When you reach the line with "Padel Guilty shorts" in the data below, begin printing lines exactly, and stop once the line with "Dimite Emmanuel Macron, el" has been printed.

• **Records for this exercise**

........

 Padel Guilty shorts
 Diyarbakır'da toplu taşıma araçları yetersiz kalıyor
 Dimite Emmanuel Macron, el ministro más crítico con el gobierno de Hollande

........

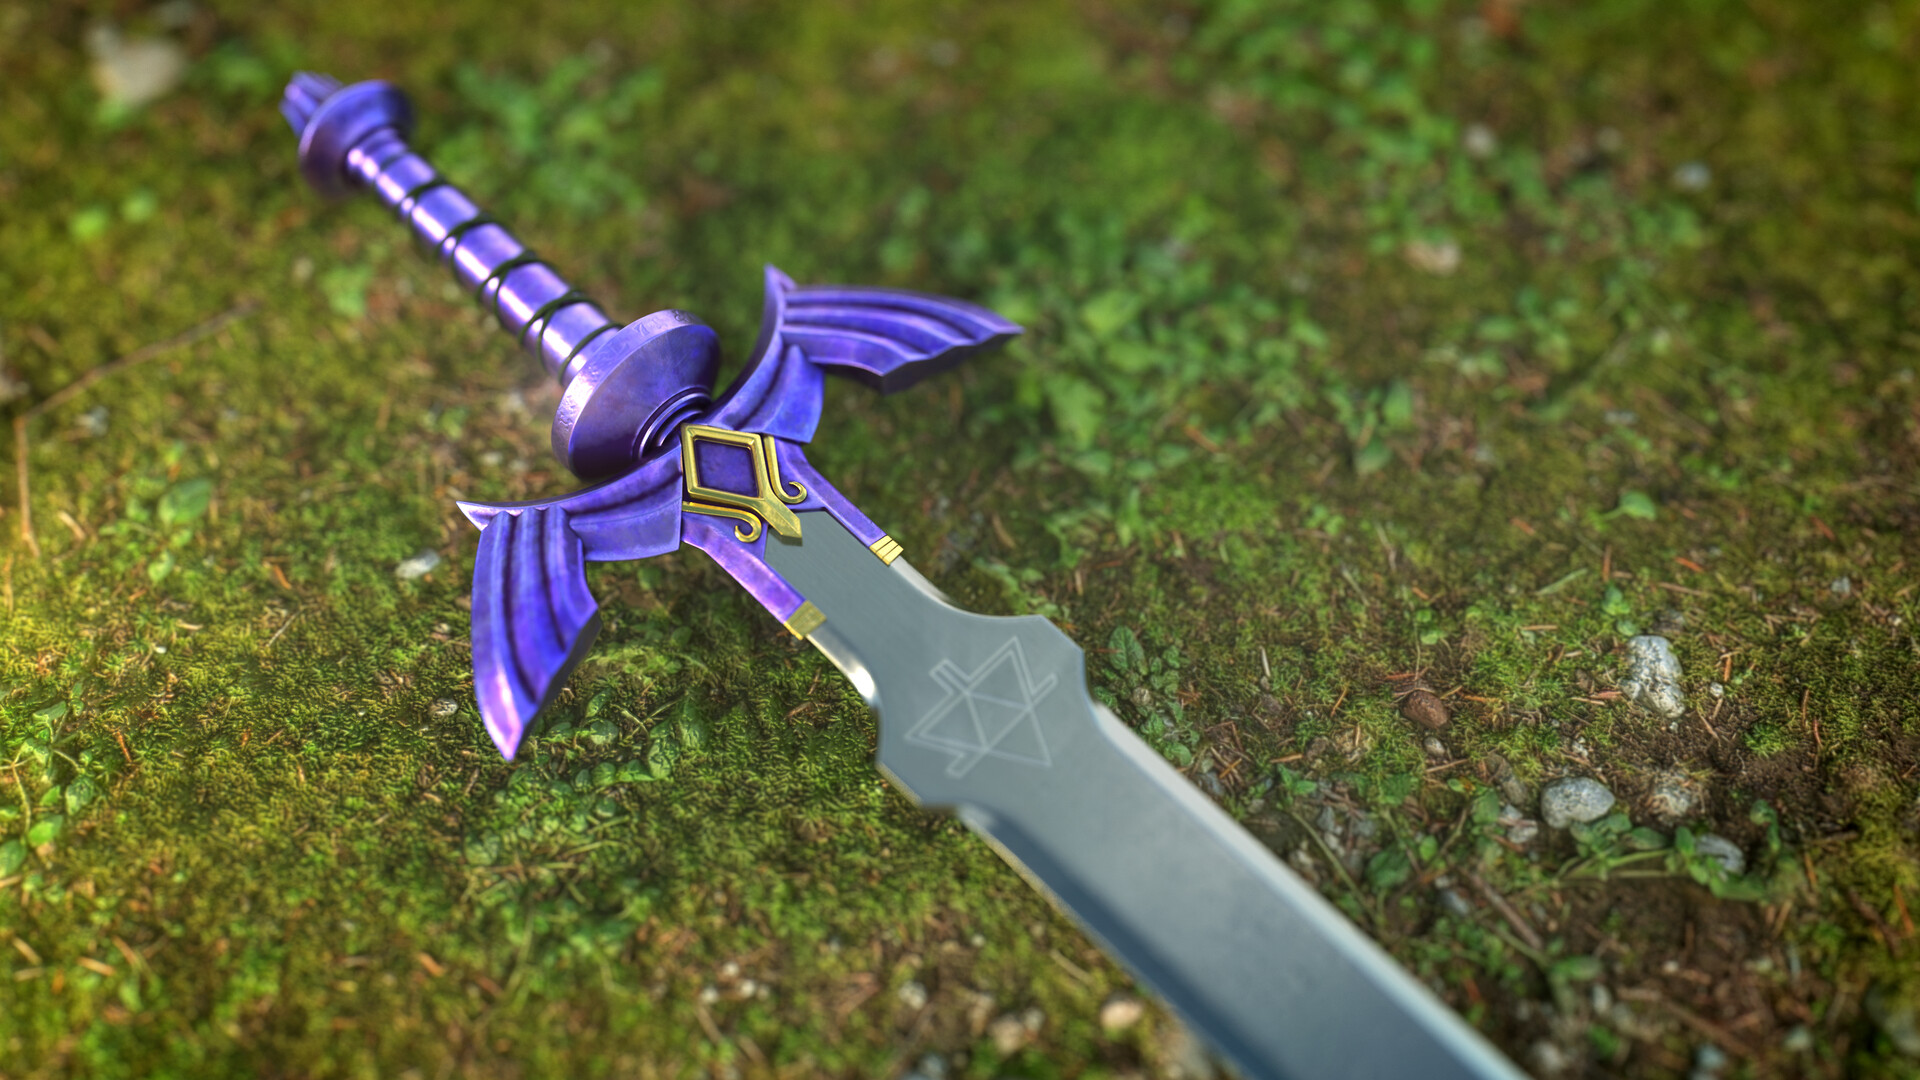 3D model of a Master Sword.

........

• **Expected answer**
 Padel Guilty shorts
 Diyarbakır'da toplu taşıma araçları yetersiz kalıyor
 Dimite Emmanuel Macron, el ministro más crítico con el gobierno de Hollande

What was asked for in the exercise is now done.